Treasures
As he went on through the rooms, it pleased him to see how she had kept his favorite possessions and that they were safe here, protected like children in this solid house.
From the pantry her voice carried as she telephoned her guests. Surely it was good, he thought, for her to have had some pleasures while he was away. On a table in the library a magazine lay open to a double page of photographs. There was the fine, symmetrical facade of this house, with Pam in riding clothes standing on the front steps. There was Pam at the stables under a clock and a gilded weather-vane. And Pam again, taking the jumps at a horse show. Finally, Pam in evening dress, the Grecian, columnar sort of dress that she always wore, standing in a group at—Eddy bent to read the caption—“the benefit for the hospital, the high point of the social season.” He was reading further when she came in.

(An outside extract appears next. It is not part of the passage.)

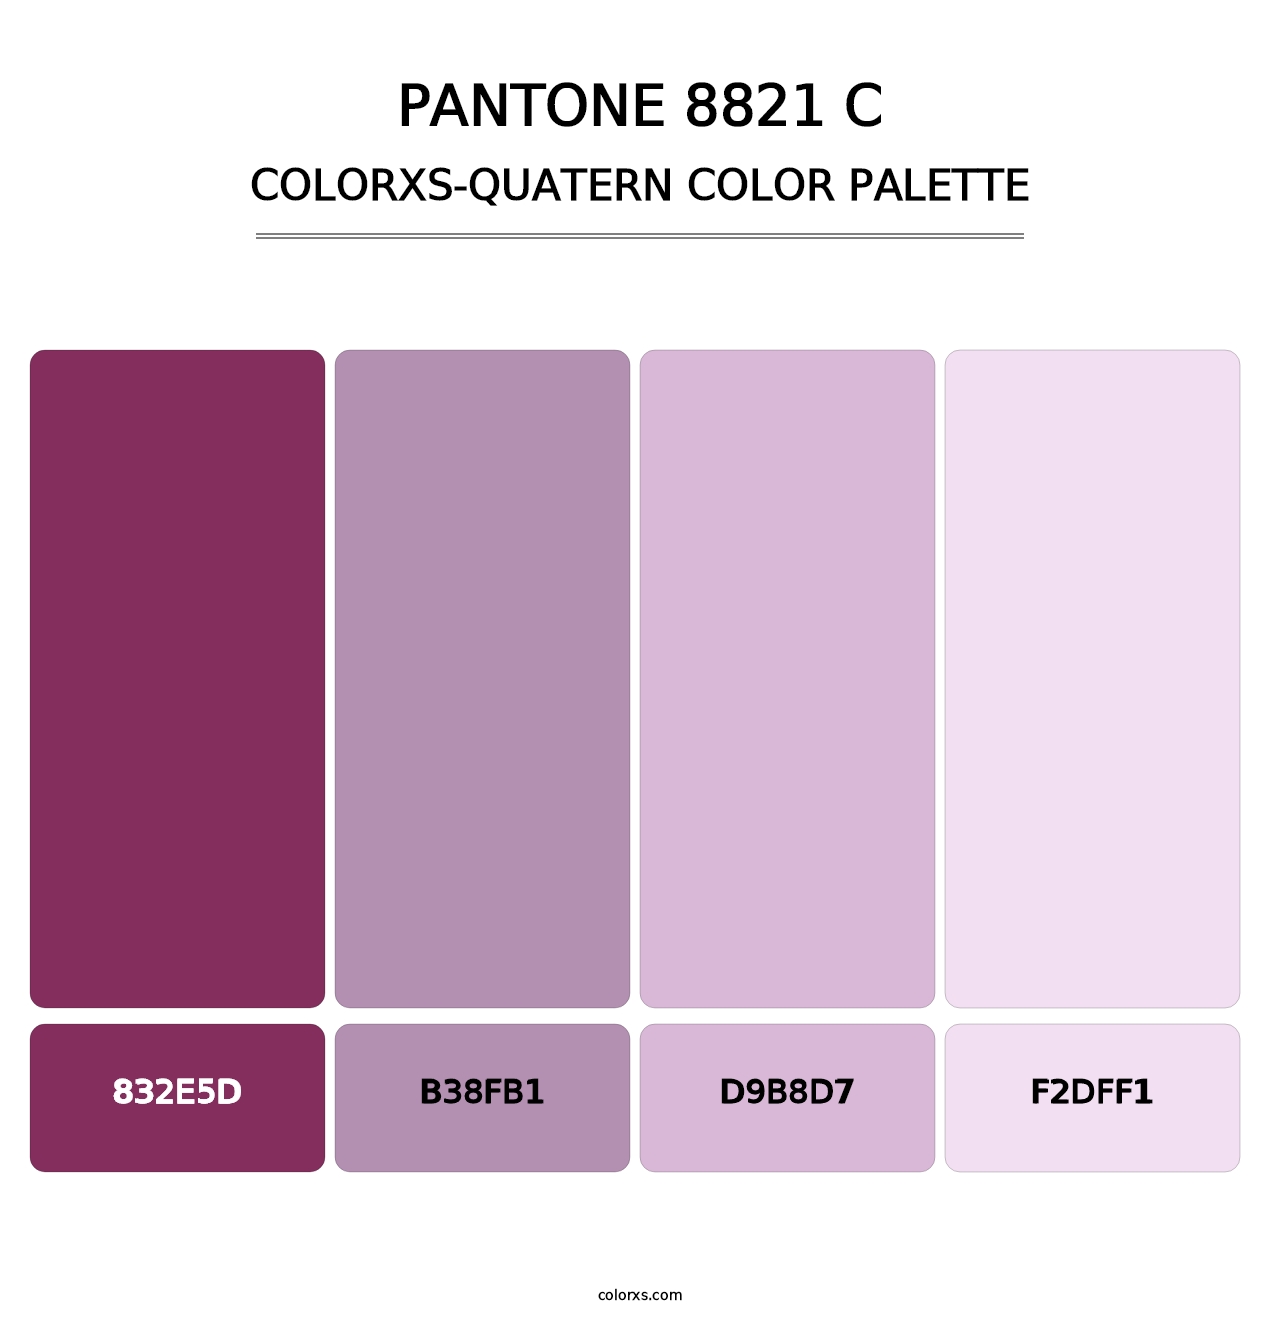 PANTONE 8821 C - Colorxs Quatern Palette

“I’m sorry it’s taking so long to go through the list, but anyway, the coffee’s on in the meantime—oh, you’re looking at that silly article.” And she said, apologizing, “It must seem to you that all I did was enjoy myself, while you had nothing.”
“There was no reason why you shouldn’t enjoy yourself. You couldn’t have helped me by locking your door and pulling the blinds down.”
And yet it came to him suddenly that his entry into this life that she had established here might not be easy for her. Nor easy for him either.
“Why don’t you sit down and read the paper while I finish my calls.”
“Maybe I will.”
However, he was too restless to sit, and laying the paper aside, he went upstairs to explore. It pleased him again to see things like his Rowlandson prints in the hall and his pink jade Chinese horse on Pam’s chest of drawers. By the braided trim on all the curtains he recognized the hand of their New York decorator, who had been persuaded—for a handsome fee, no doubt of that—to come to Kentucky. His was, however, the hand of a master, and that pleased Eddy too.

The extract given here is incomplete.